- _Problem details_
When you copy the material below, keep every line exact and omit the pictures.

- _Data provided_
----------------------------------------

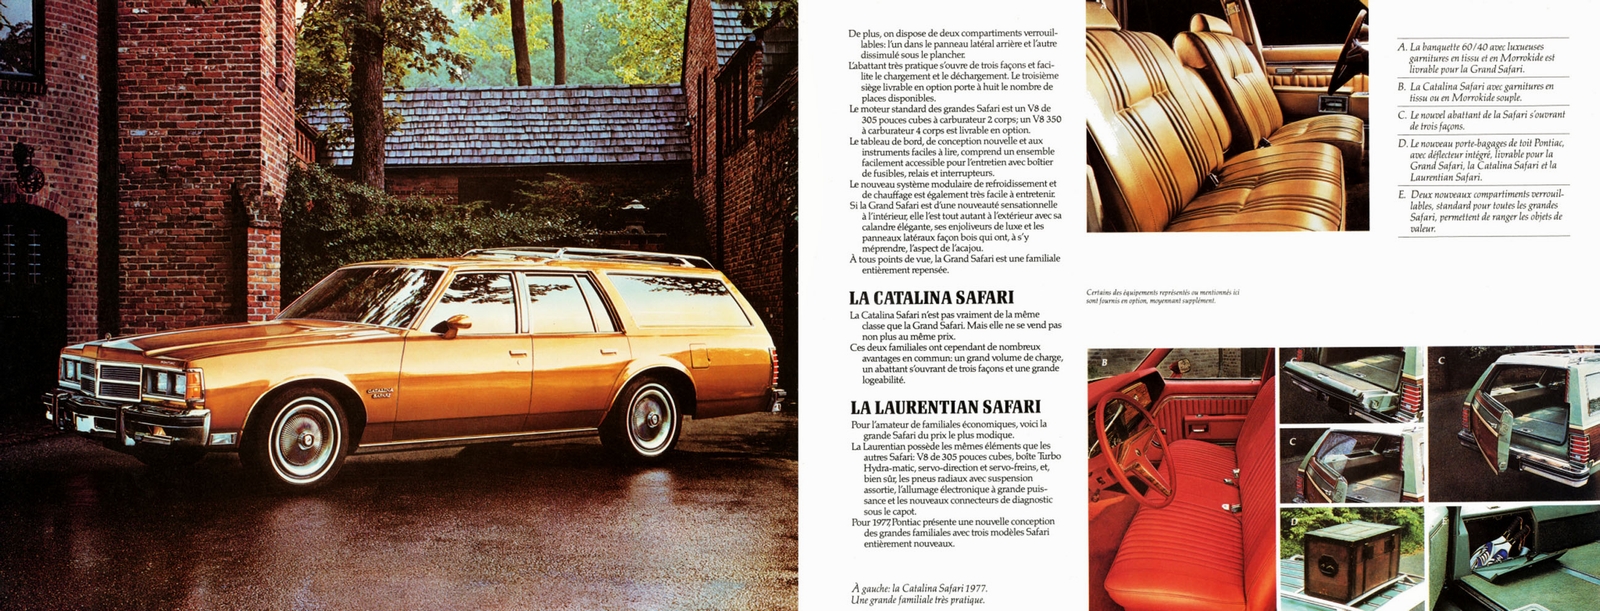 n_1977 Pontiac Full Size (Fr)-12-13.jpg
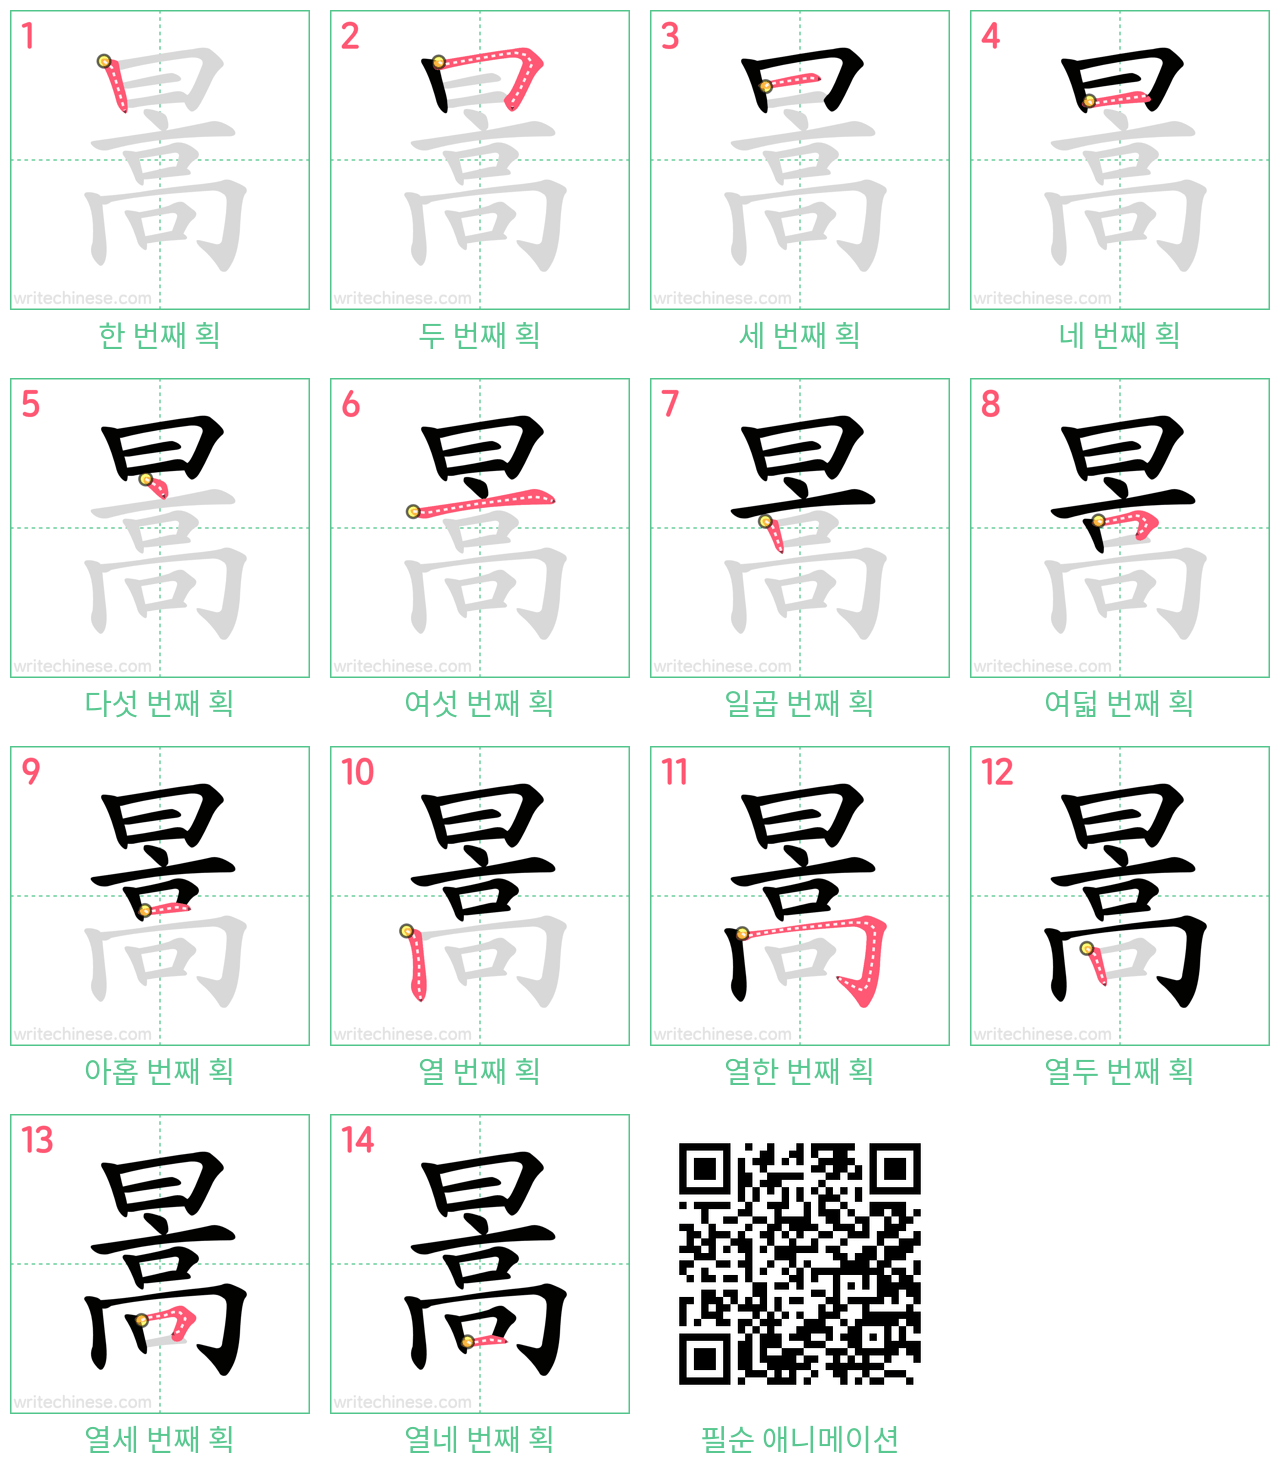 暠 step-by-step stroke order diagrams
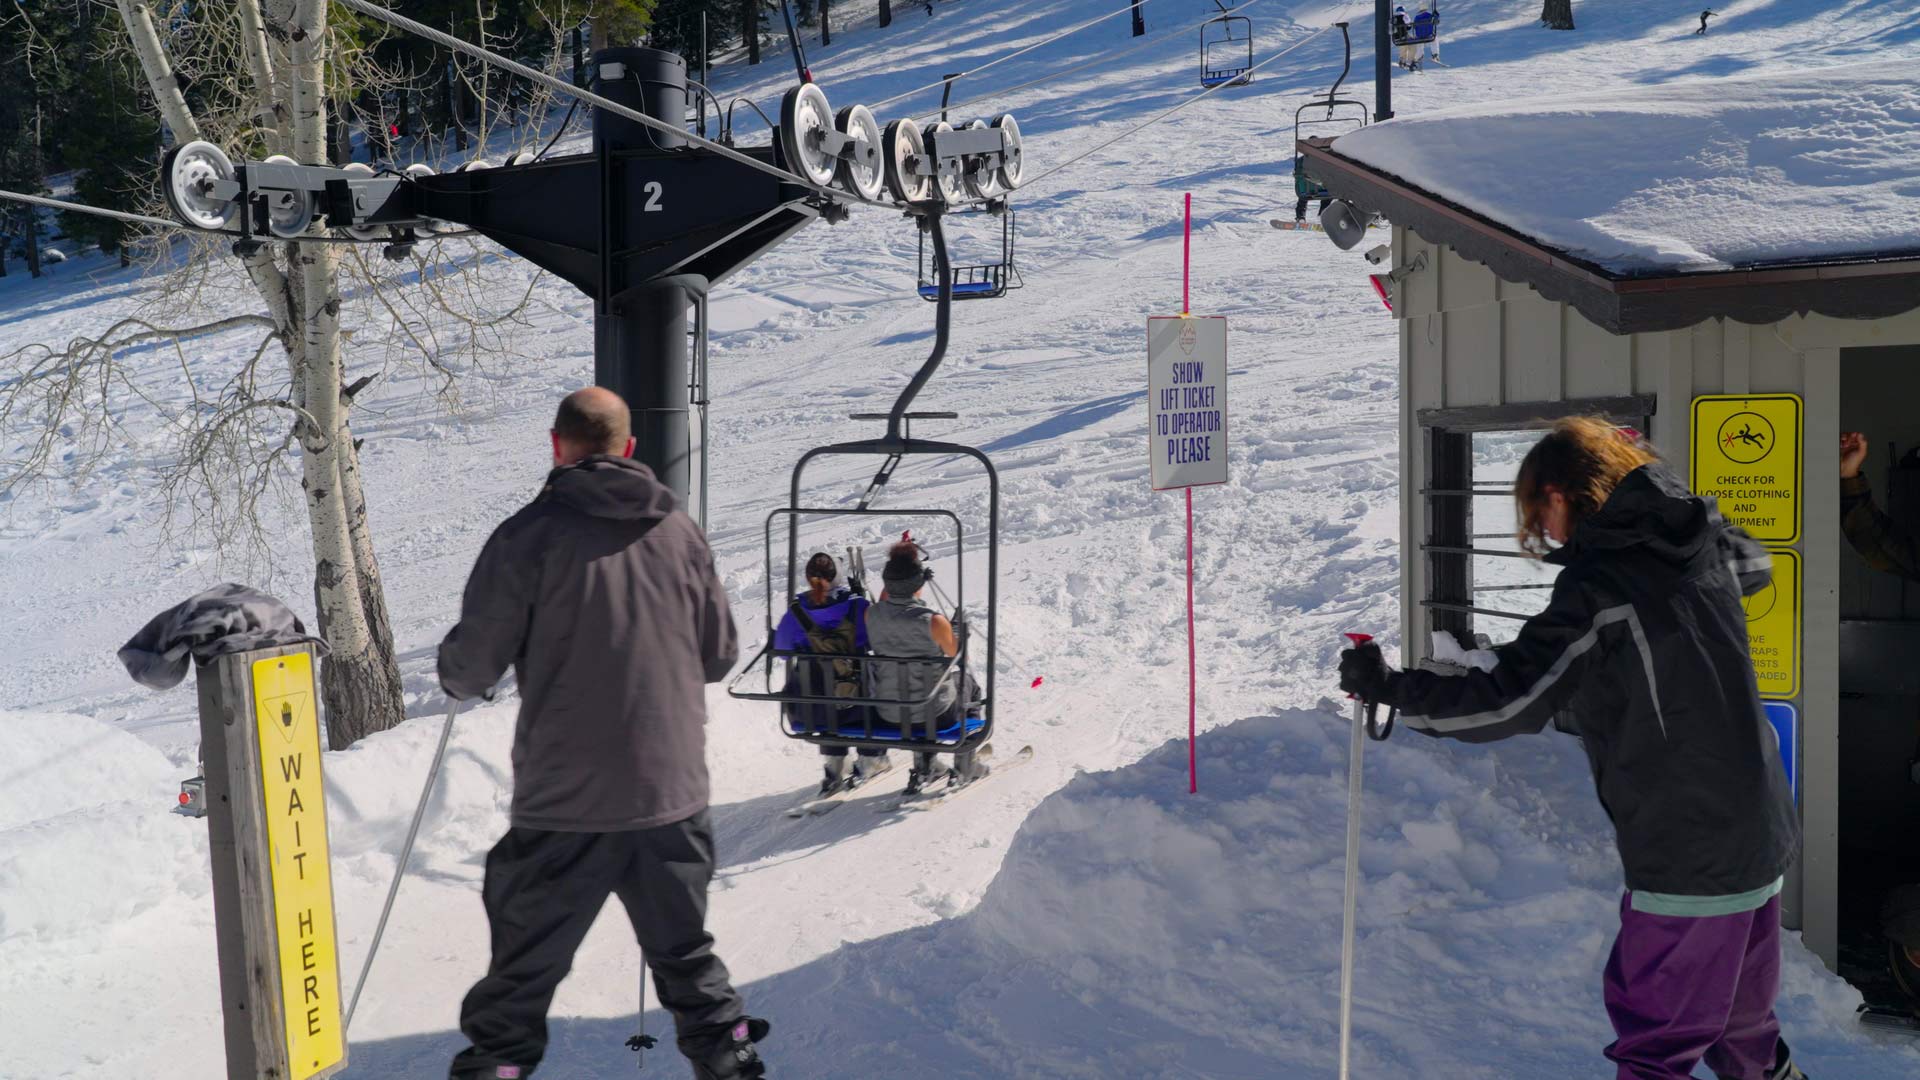 Mount Lemmon Ski Valley

----------------------------------------

- _Expected answer_
 n_1977 Pontiac Full Size (Fr)-12-13.jpg
 暠 step-by-step stroke order diagrams
 Mount Lemmon Ski Valley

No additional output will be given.